Alaia menatap Aslan lebih dulu. Suaminya itu mengangguk pelan membiarkannya bicara. Lalu kembali Daddy. "Bukannya aku gak mau menerima tawaran, Daddy. Tapi aku menikmati pekerjaanku sebagai dokter spesialis anak. Aku juga gak mau nantinya karena aku sibuk, begitupun Papinya Arshan, kami menjadi lupa memberi perhatian pada Arshan."

"Gak pa-pa. Karena yang paling utama itu perhatian ke anak," sahut Mommy dengan senyum lembut. Alaia pun ikut tersenyum. Kesibukannya sekarang sebagai Dokter Spesialis Anak pun menguras sebagian waktunya. Apalagi jika ia menjabat menjadi pemimpin sebuah perusahaan besar. Sudah pasti ia sangat sibuk, sama halnya dengan Aslan. Ia tak ingin Arshan yang masih butuh perhatian penuh, terabaikan.
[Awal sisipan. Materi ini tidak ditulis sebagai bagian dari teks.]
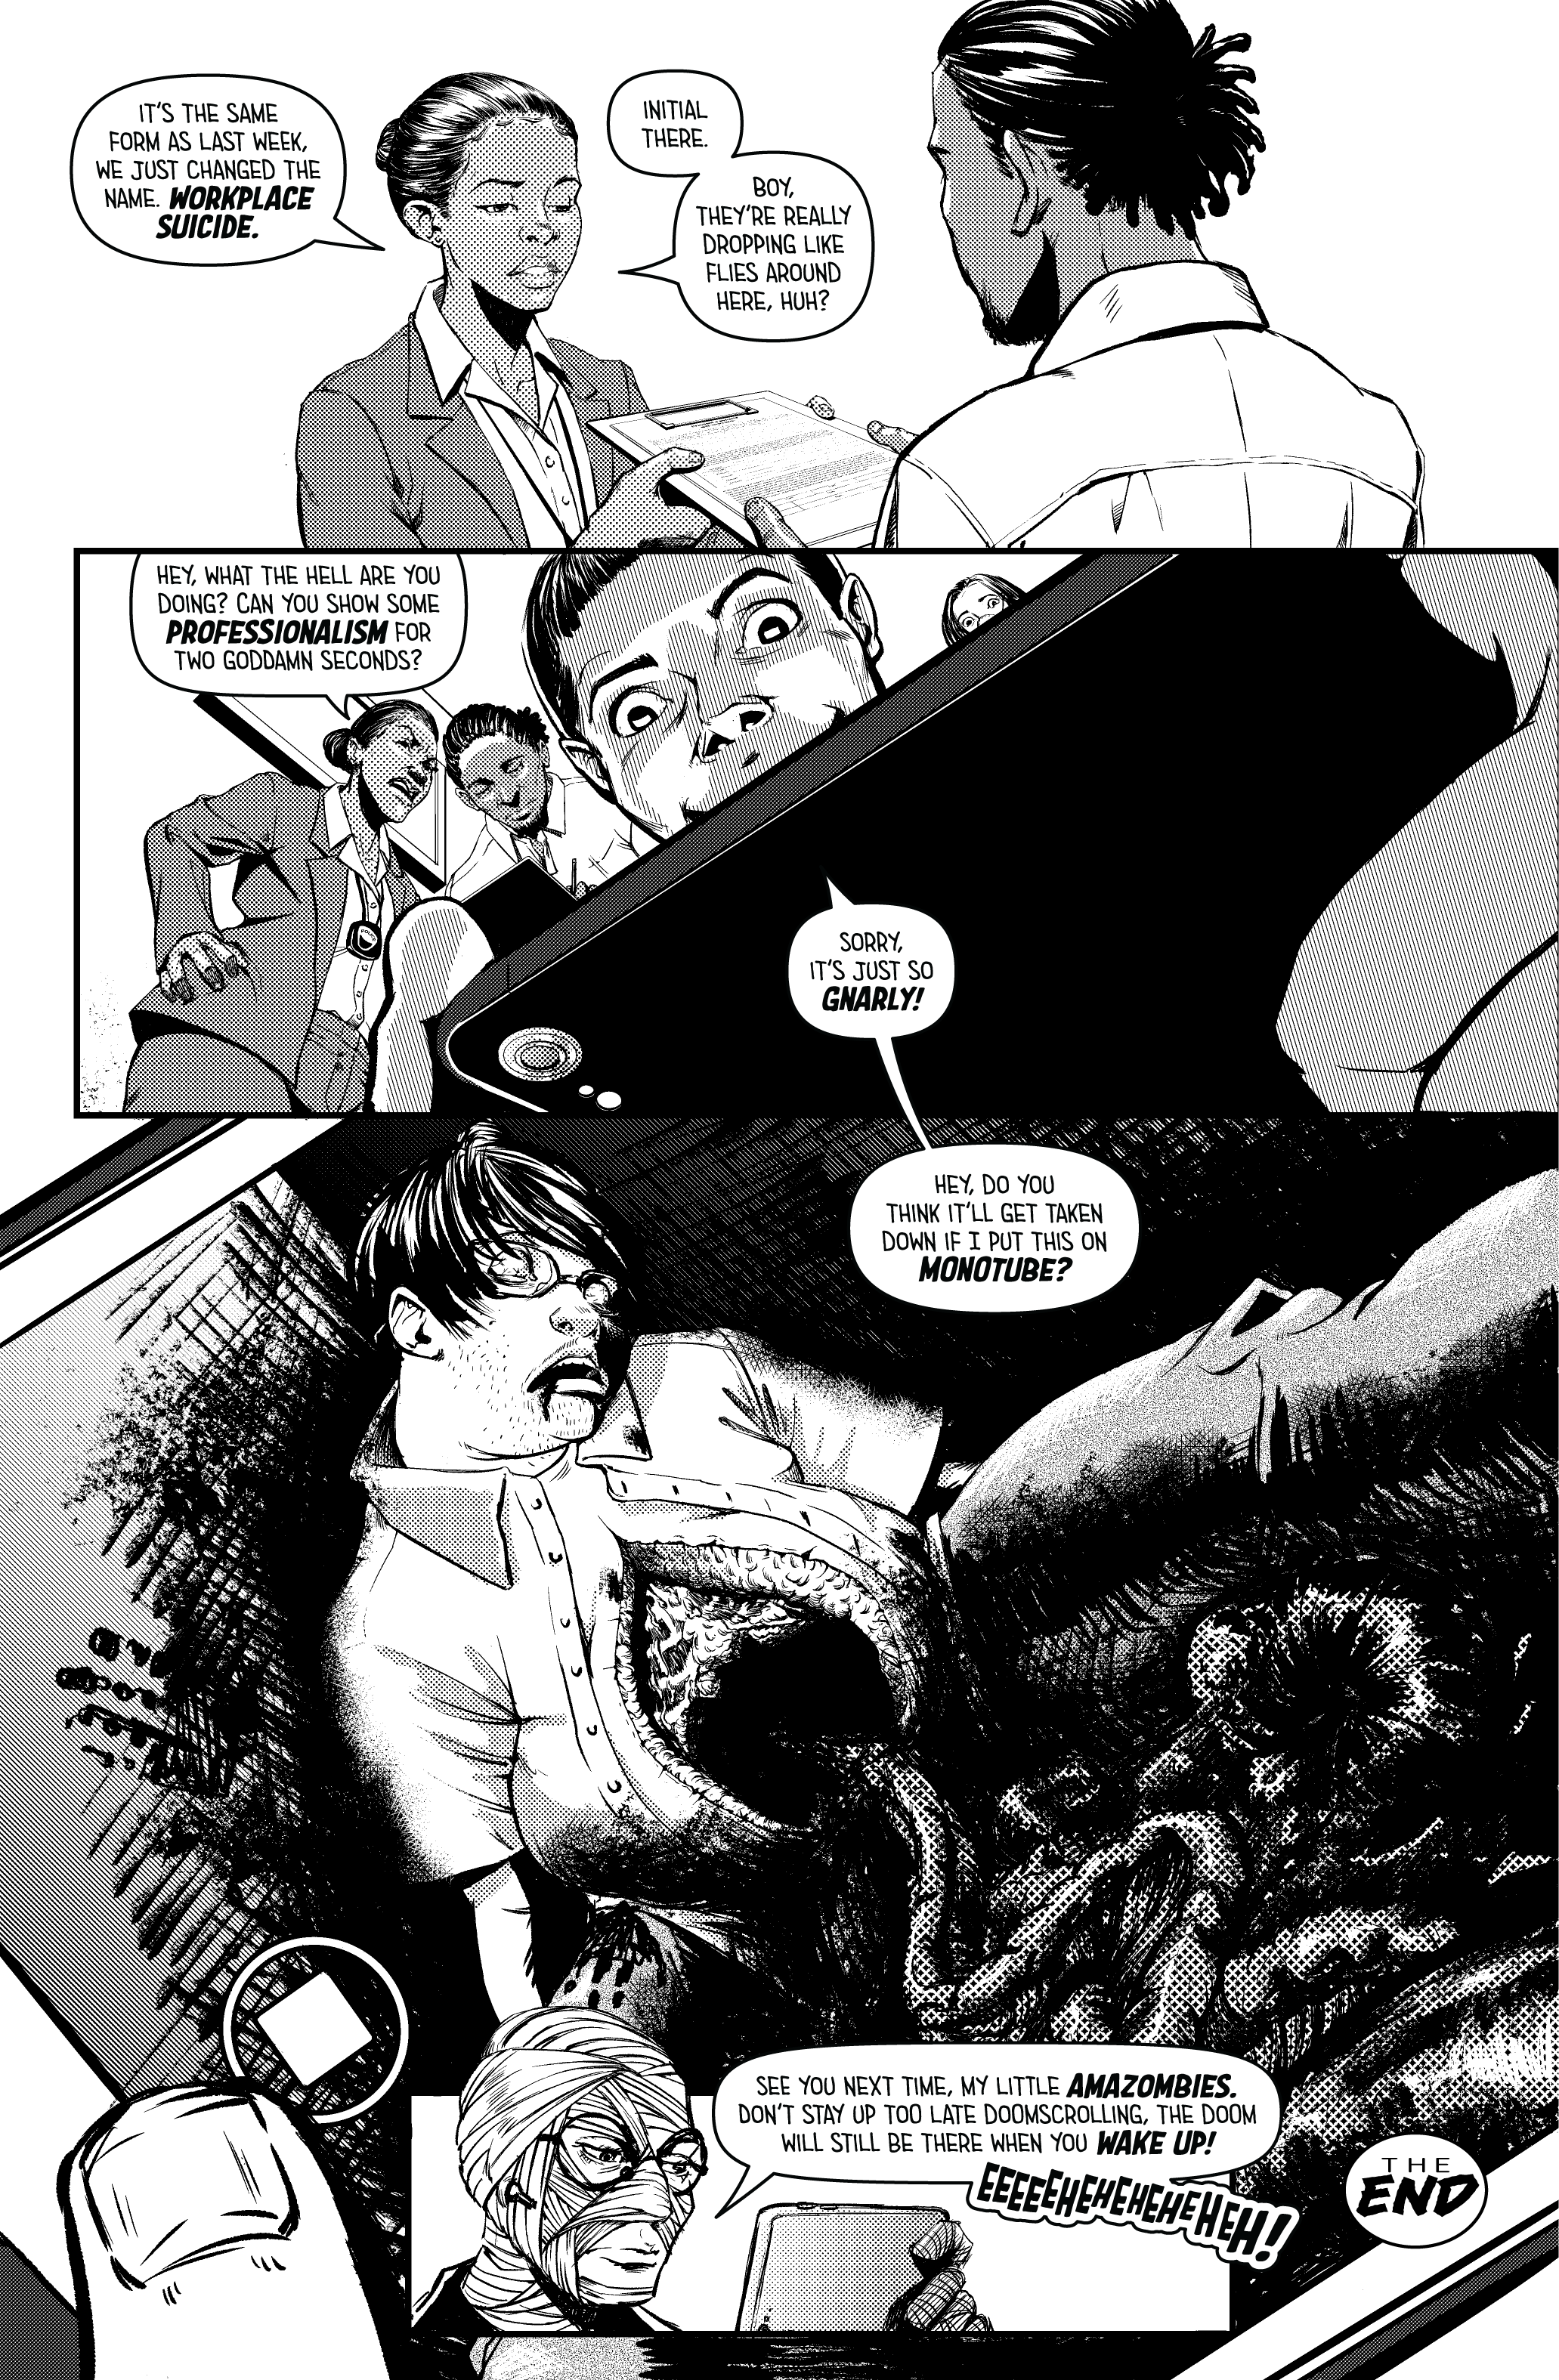 Monocul issue 05 story 03 pg 08 - Content Warning-01.png

"Oke." Daddy mengangguk. Maklum dengan keputusan menantunya tersebut. Kemudian pembahasan berubah semakin serius. Tentang dua pelaku yang meneror Aquinsha tempo hari. Polisi telah menutup kasusnya dan menyatakan jika mereka bunuh diri tanpa ada kejelasan motif si pelaku melakukan peneroran pada Aquinsha. Bahkan tak ada yang tau siapa di belakang dua pelaku tersebut. Yang artinya pelaku tersebut disuruh oleh orang yang besar sehingga tak ketahuan.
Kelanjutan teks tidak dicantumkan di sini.